* _INFORMATION PROVIDED_:
┌────────
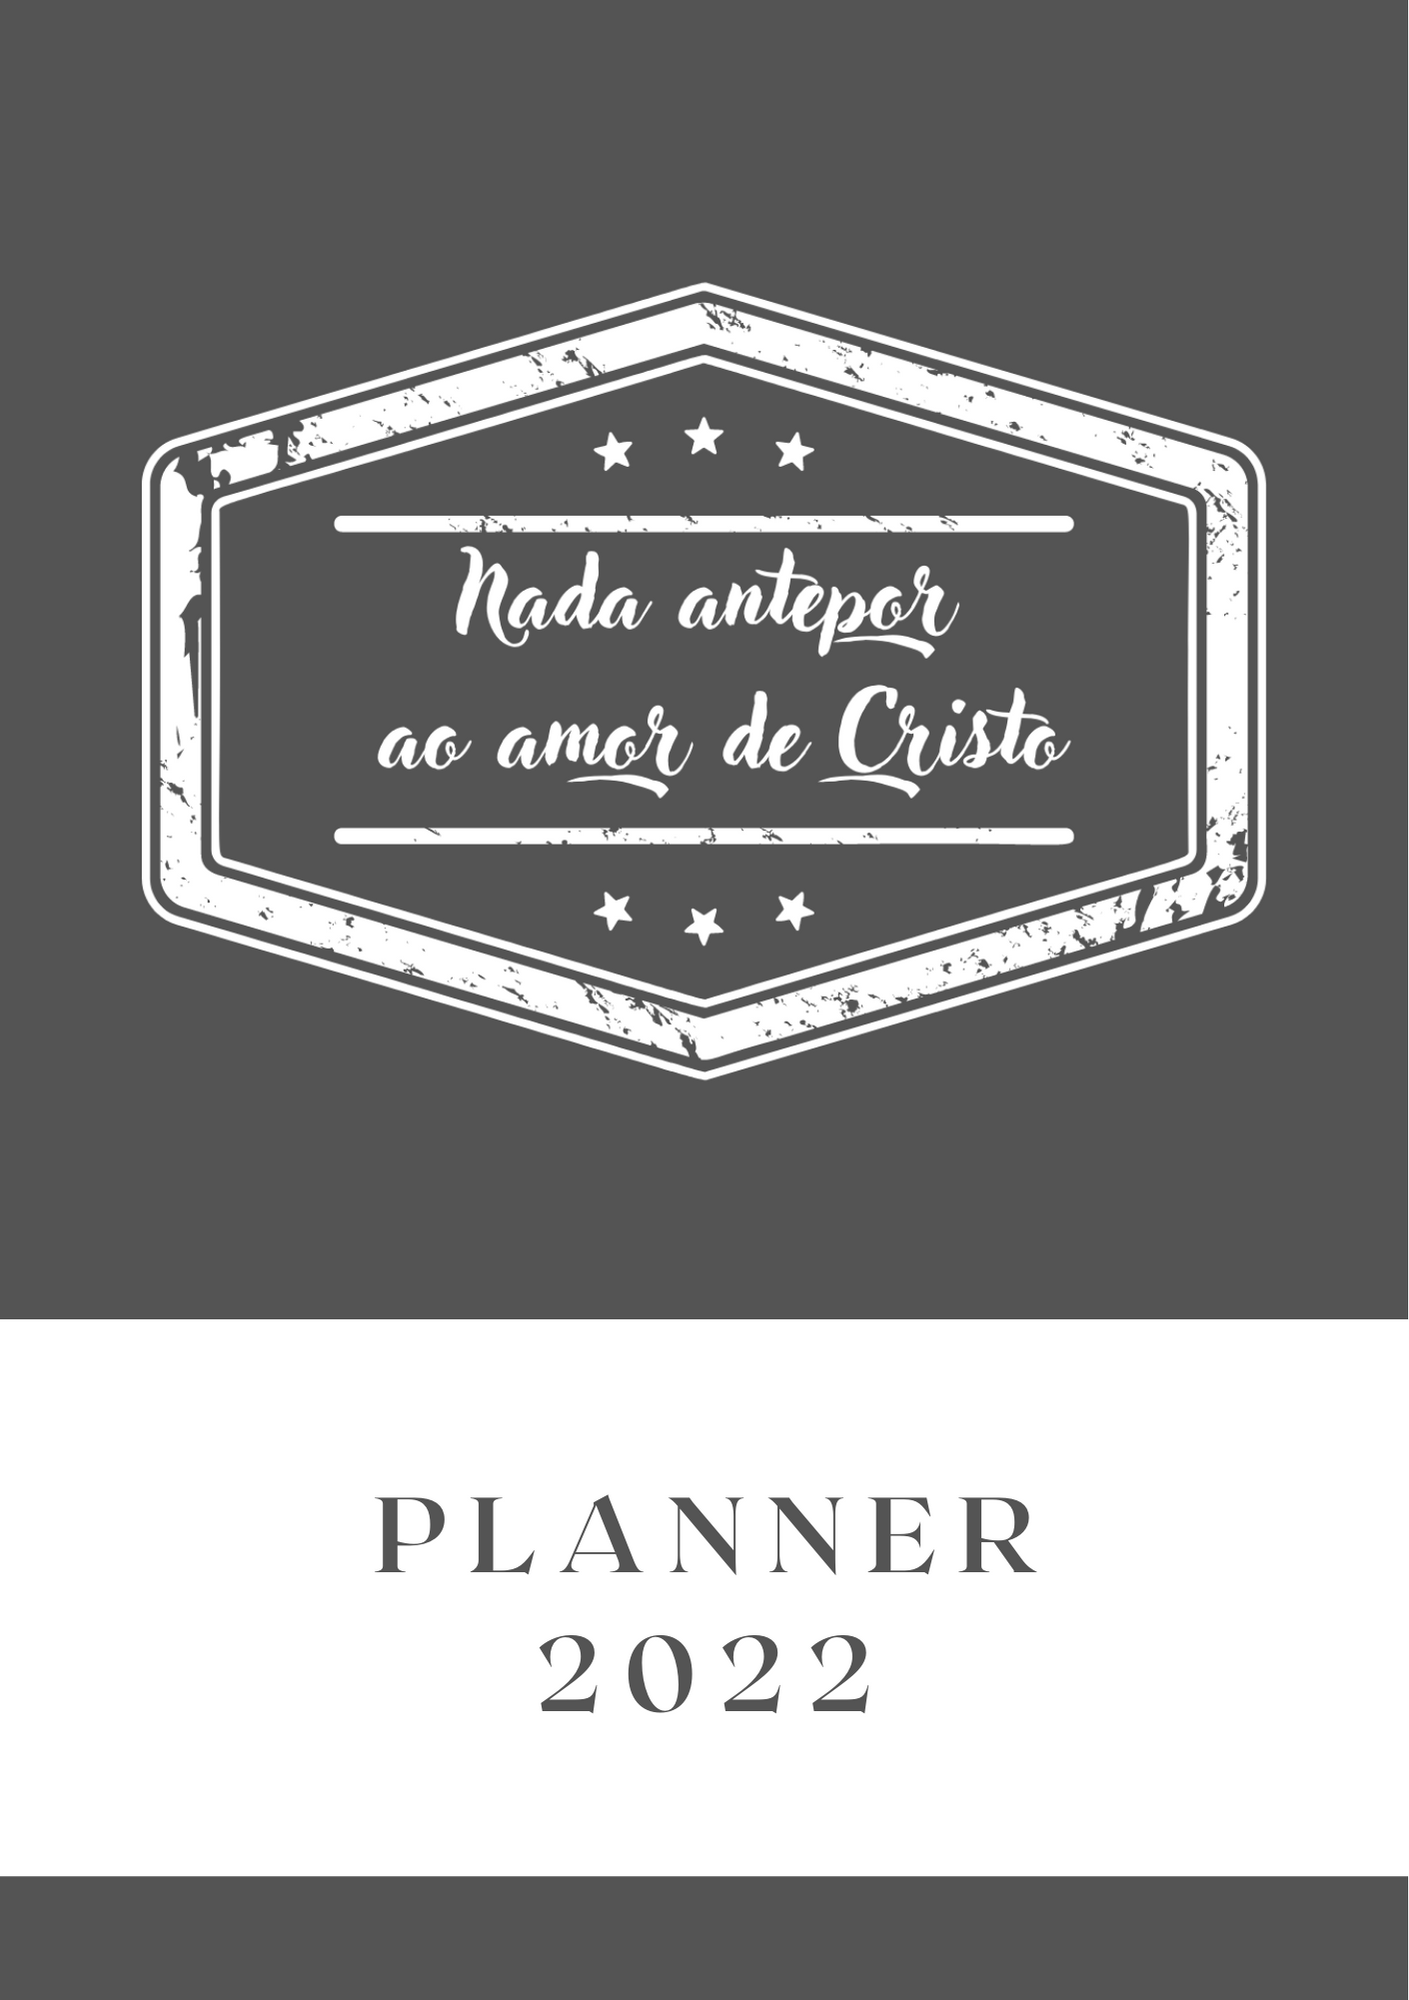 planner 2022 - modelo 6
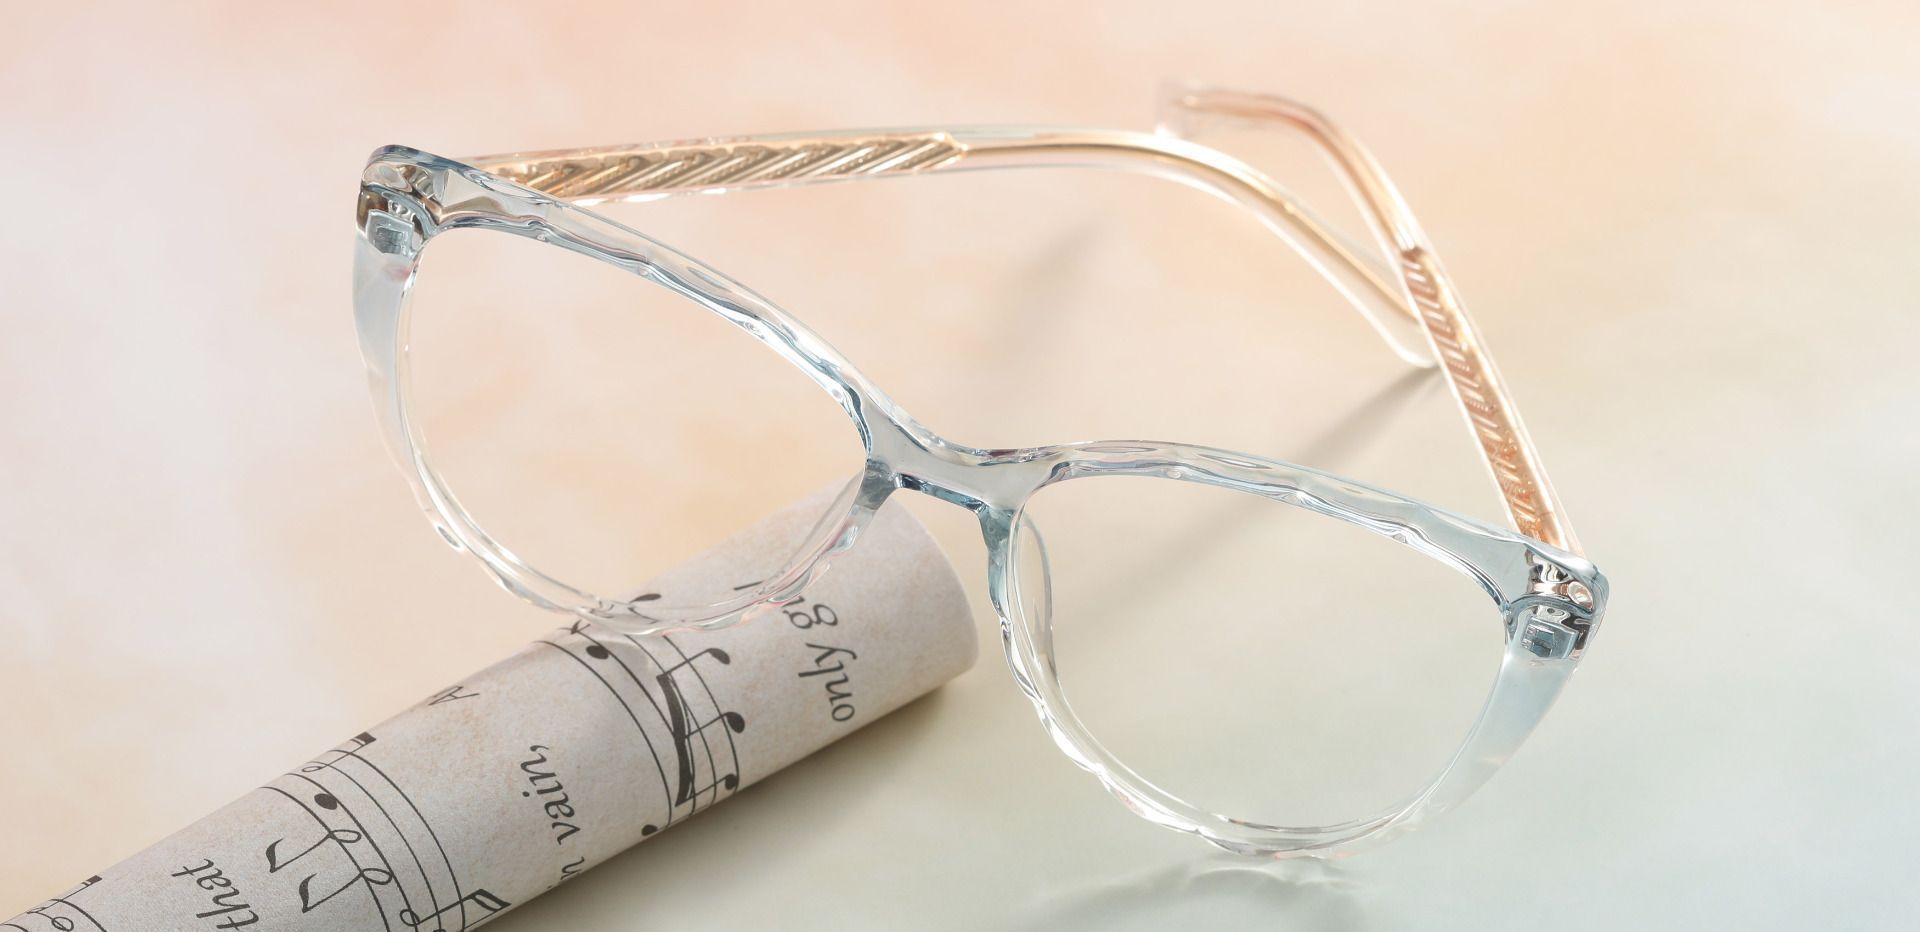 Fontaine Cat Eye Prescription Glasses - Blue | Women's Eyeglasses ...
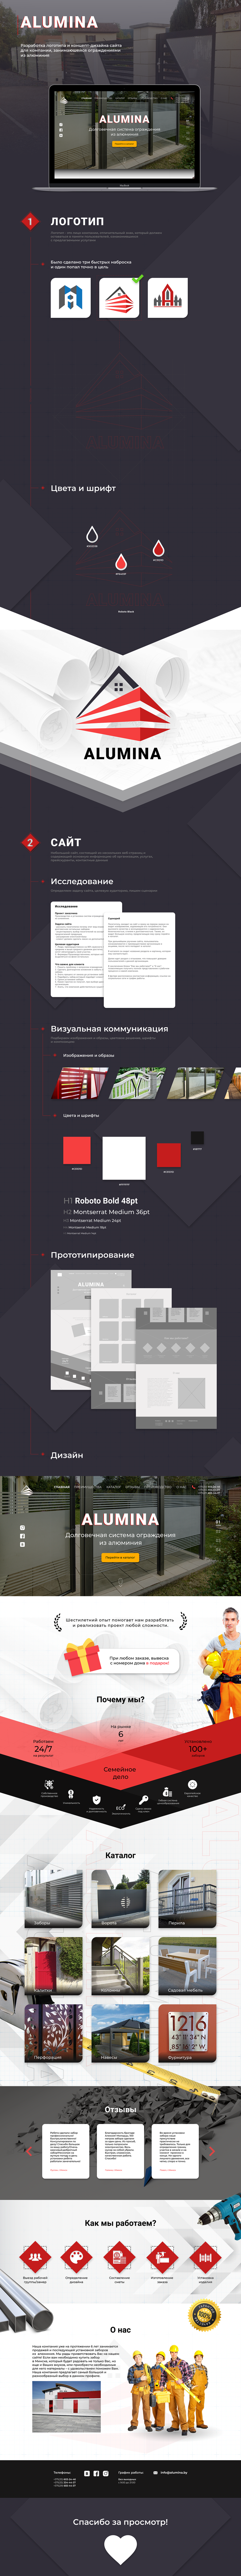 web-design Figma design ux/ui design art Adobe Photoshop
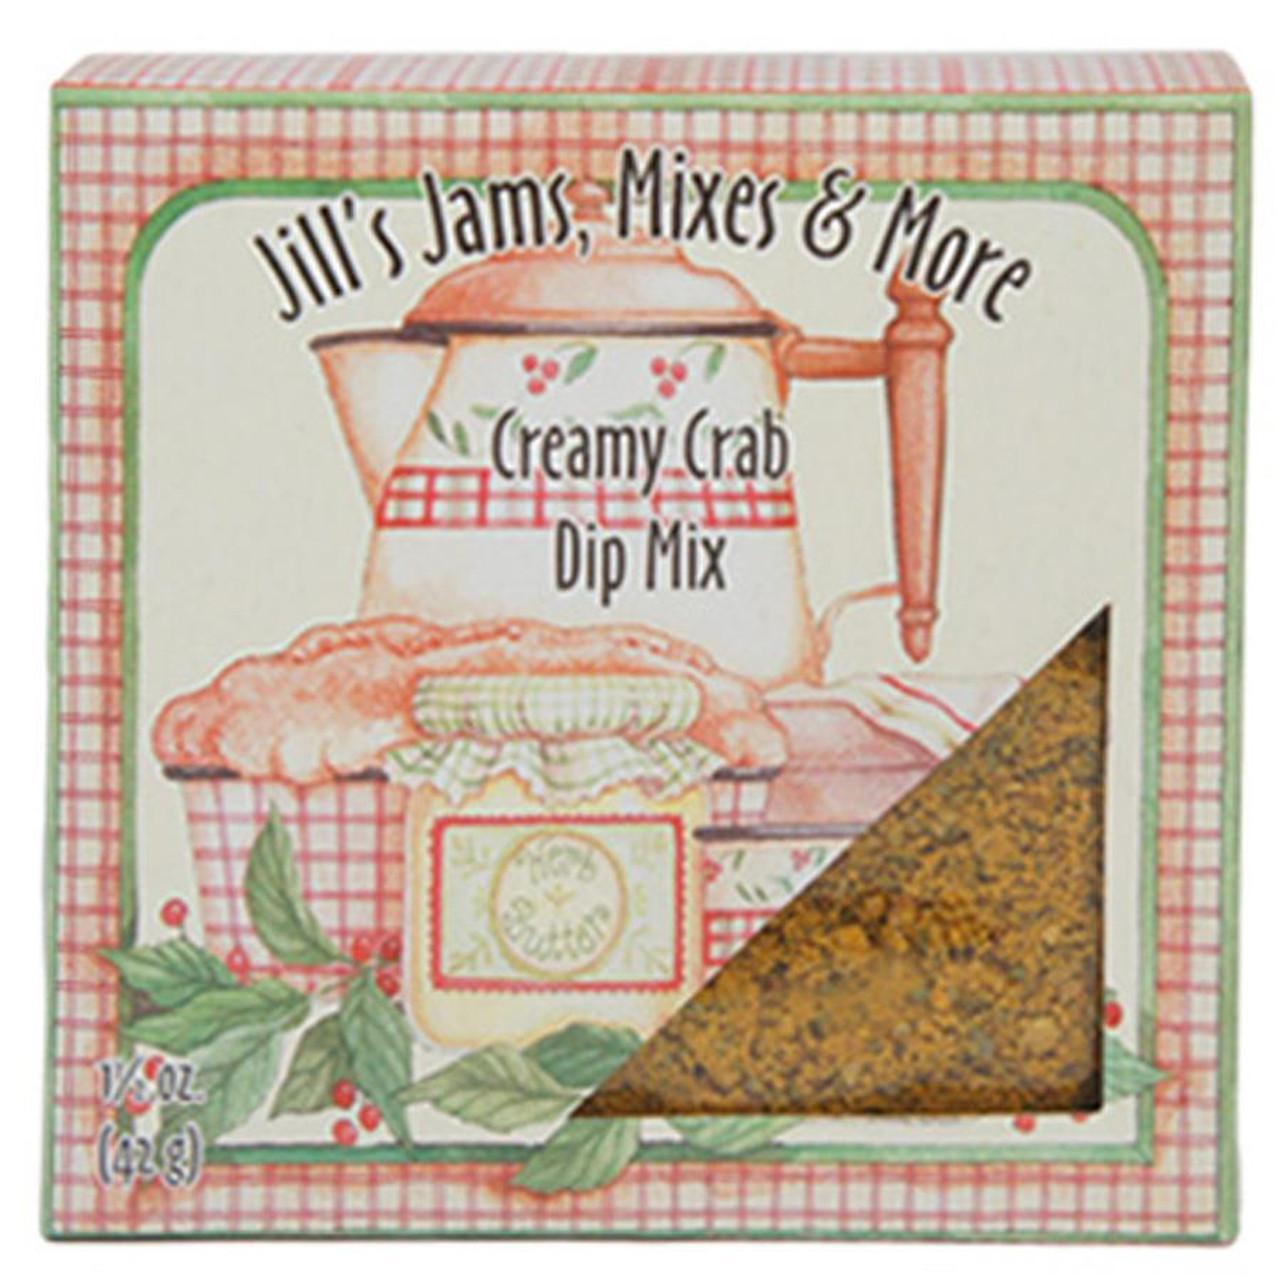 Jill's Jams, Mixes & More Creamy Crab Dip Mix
└────────
* _THE PROBLEM_:
An exact copy of the data is required, with the pictures excluded.

* _WRITTEN REPLY_:
 planner 2022 - modelo 6
 Fontaine Cat Eye Prescription Glasses - Blue | Women's Eyeglasses ...
 web-design Figma design ux/ui design art Adobe Photoshop
 Jill's Jams, Mixes & More Creamy Crab Dip Mix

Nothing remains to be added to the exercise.